The litmus test of any
successful civilisation is the financial arrangements which prevail in its
economic life. Are the means of exchange - that is money and credit - issued by
the state for the sole benefit of its inhabitants, or are they controlled and
manipulated by private bankers for their own enrichment and the enslavement of
the people?
In mediaeval England state
finances were firmly in the hands of the king, but prior to 1290 they were in
the grip of a group of marauding moneylenders.
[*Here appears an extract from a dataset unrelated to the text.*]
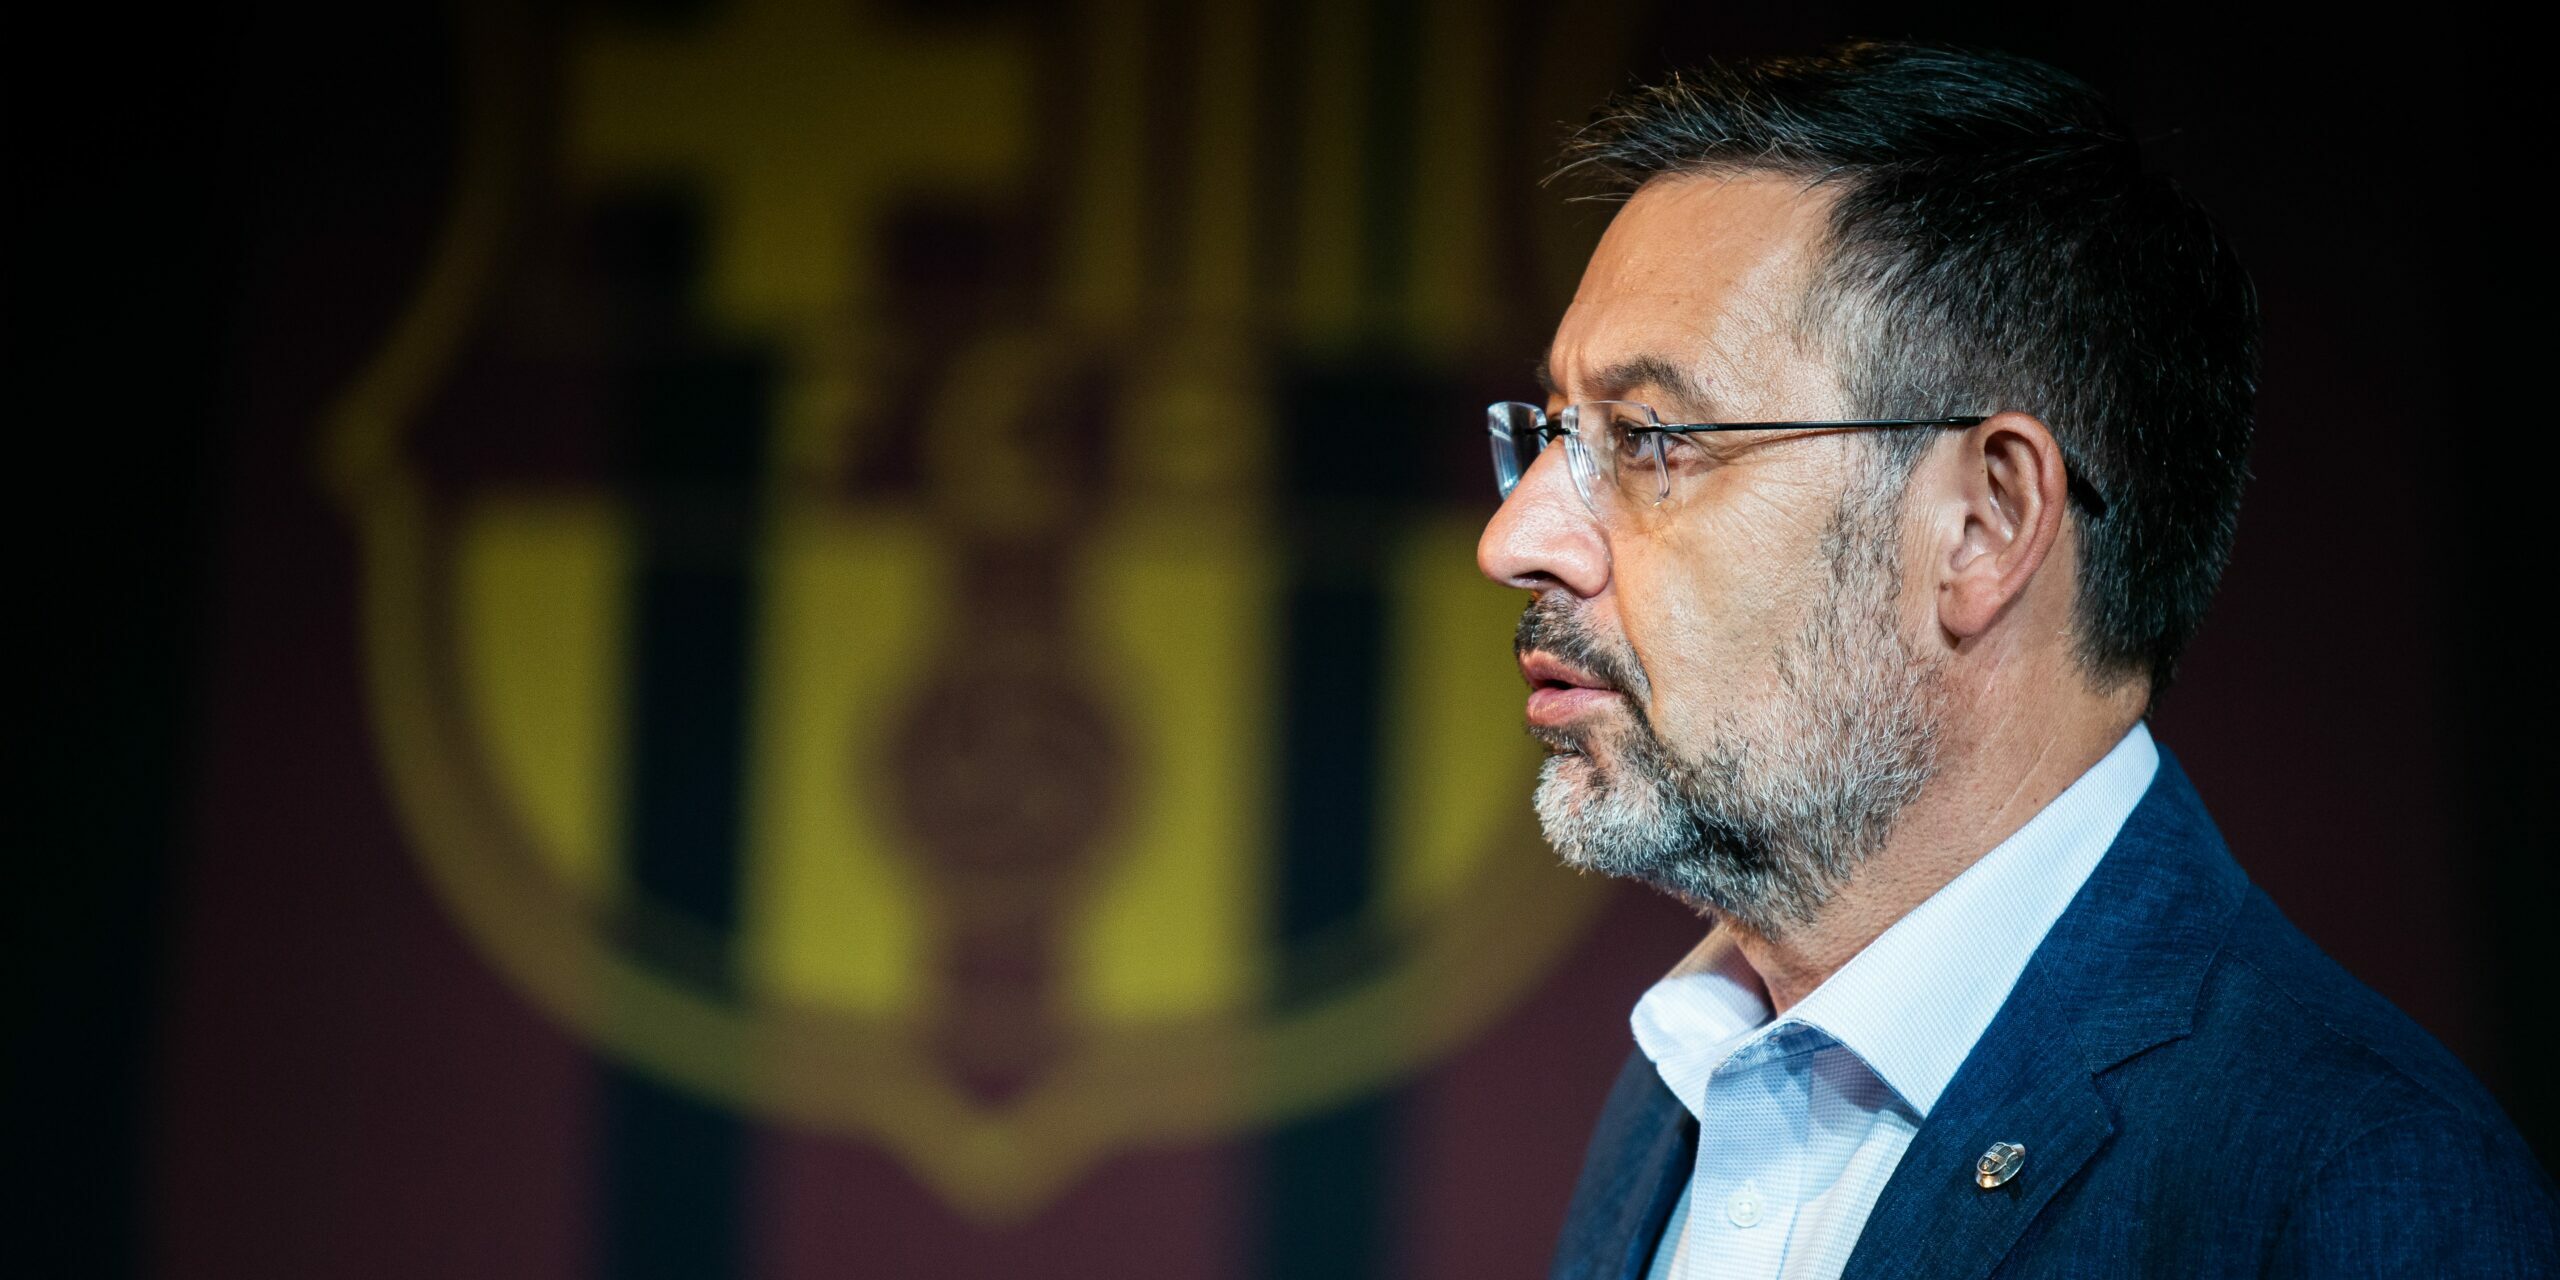 Controversial former Barcelona President to hold press conference to explain tenure “truths”

The laws against usury before
the arrival of William the Conqueror in 1066 were very strict. In 899 King
Alfred (871-99) directed that the property of usurers be forfeited, while in
1050 Edward the Confessor (1042-66) decreed not only forfeiture, but that a
usurer be declared an outlaw and banished for life.
These wise laws were
abandoned when the Normans defeated the English at Hastings on October 14th
1066. William I (1066-87) was accompanied by a party of Jewish settlers, who
had been resident in Rouen, Normandy, since Roman times. Circumstantial
evidence indicates that these Jews had provided financial support for William's
military campaign in return for the right to practise usury in England under
royal protection.
It was, however, William's
son Rufus (1087-1100) who actively permitted these Jews to engage in lending
money at interest - a venture in which he initially took a 50 per cent share of
the profits. In order to pay the interest on loans advanced to the Crown, Rufus
was obliged to tax the populace, which engendered much resentment towards him.
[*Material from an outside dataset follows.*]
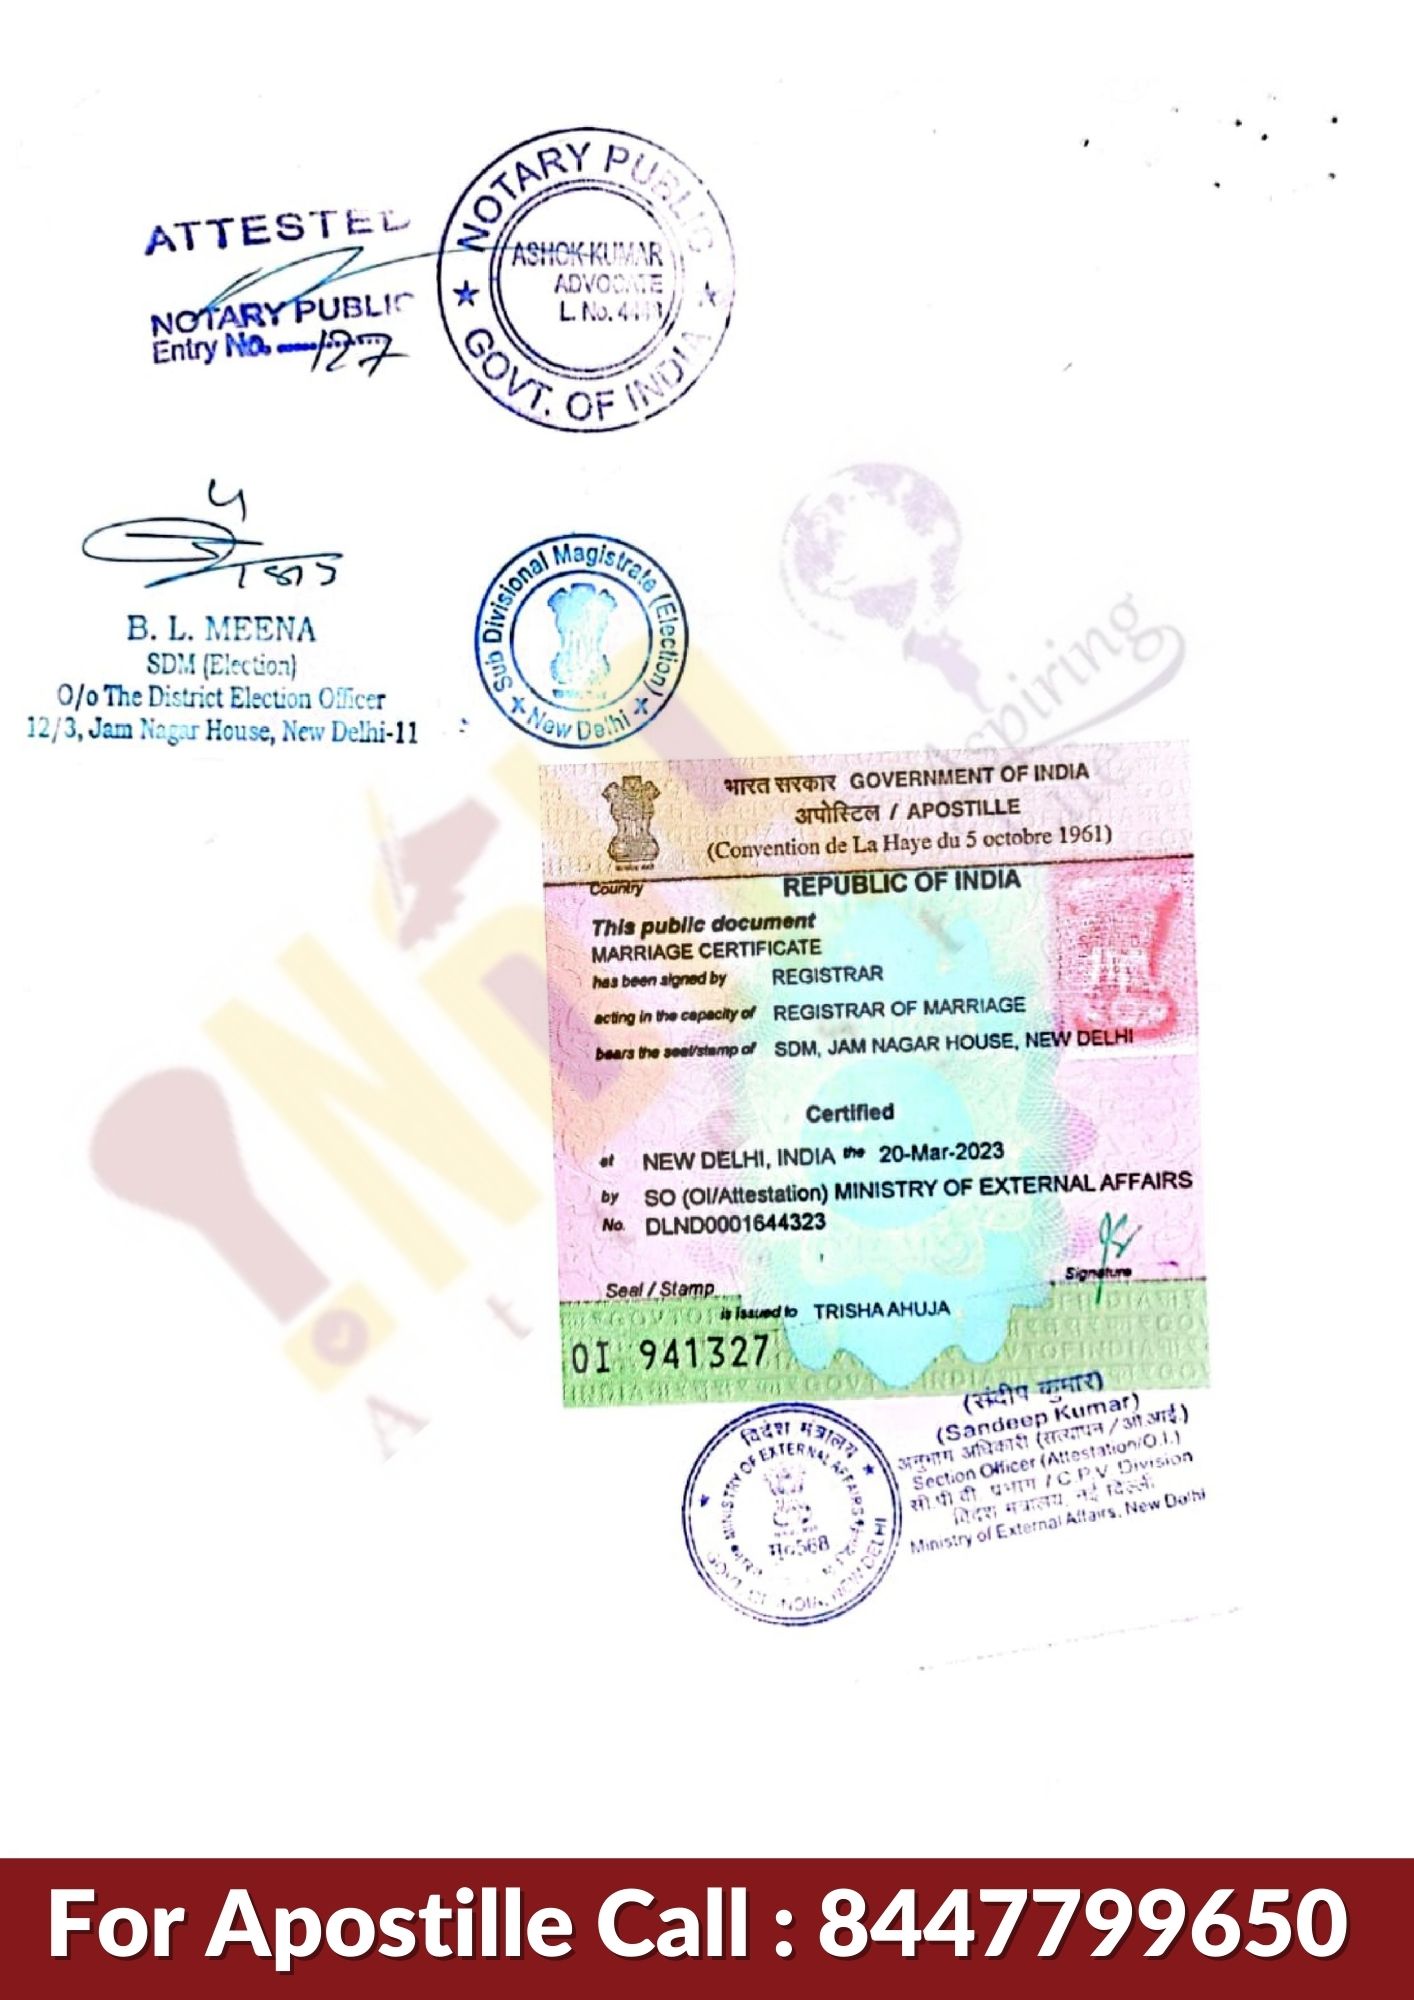 Apostille services for netharlands

The Encyclopaedia Britannica provides a vivid description of this odious man:-
‘In appearance William II was
unattractive; bullnecked, with sloping shoulders, extremely corpulent and
awkward in his gait; His long locks and clean-shaven face marked his
predilection for the newfangled fashions which contemporary ecclesiastics were
never weary of denouncing. His features were strongly marked and coarse, his
eyes grey and deeply set; he owed his nickname (Rufus) to the fiery hue of his
complexion. He stuttered violently and in moments of passion was almost
inarticulate. His familiar conversation was witty and blasphemous. He was
surrounded by a circle of vicious parasites, and no semblance of decorum
was maintained in his household.
‘His character was assailed
by the darkest rumours, which he never attempted to refute. He died unmarried
and without issue.’
Those Jews not involved in
the money-lending racket traded in corn and wool or dealt in trinkets, cheap
jewellery and useless junk. Although it was forbidden by statute, many of them
engaged in coin-clipping, that is filing and clipping the edges of coins and
putting them back into circulation as clipped coins. The filings and clippings
were then melted into bullion. A similar fraud they perpetrated was the plating
of tin with silver and then selling it as silver-plate.
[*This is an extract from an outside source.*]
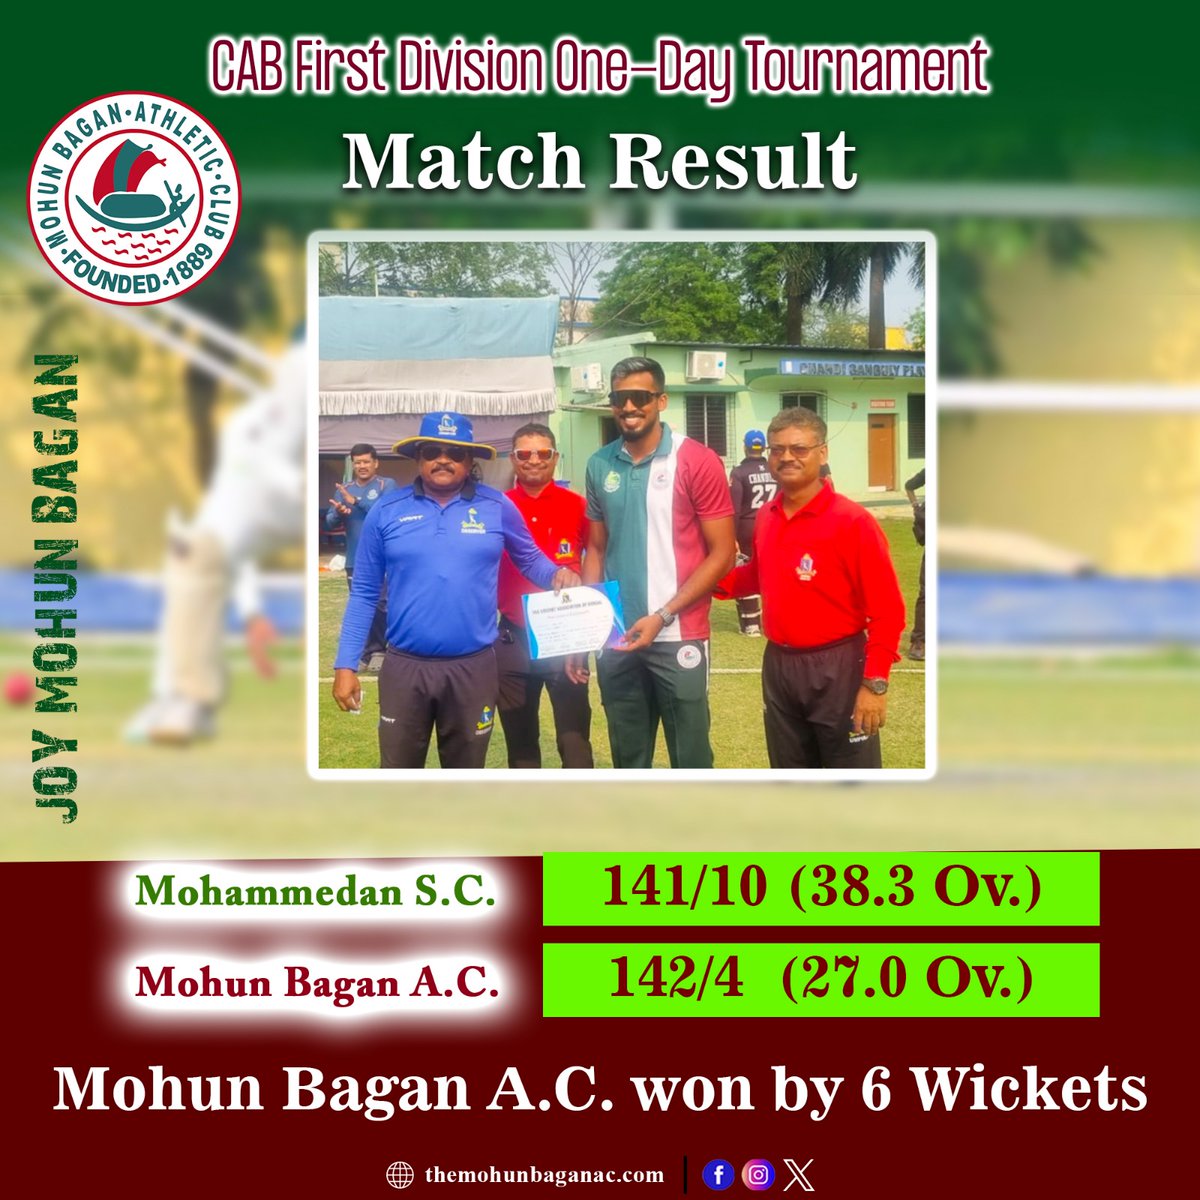 Mohun Bagan's emphatic victory, cruising to a 6-wicket win over Mohammedan Sporting Club, showcased their dominance as we chased down 142 runs in just 27 overs. #JoyMohunBagan #Mariners #MohunBagan #MBAC #MohunBaganCricket #MohunBaganCricketTeam #CAB #CricketAssociationofBengal

Incensed by alien practice
Another practice which
incensed the English merchants was the custom of Jewish traders of selling a
whole range of merchandise under one roof. Items such as candles, cloth, iron,
leather, silver- ware which were normally sold in separate shops, were all
disposed of in a bazaar type operation. The greed of these traders caused both
anger and impoverishment amongst the merchant class and undermined the guilds.
The moneylenders charged
princes and other noblemen interest rates of at least 33 per cent per annum on
lands which they had mortgaged. The working class, who pledged their tools of
trade or chattels, were expected to pay rates of up to 300 per cent per annum.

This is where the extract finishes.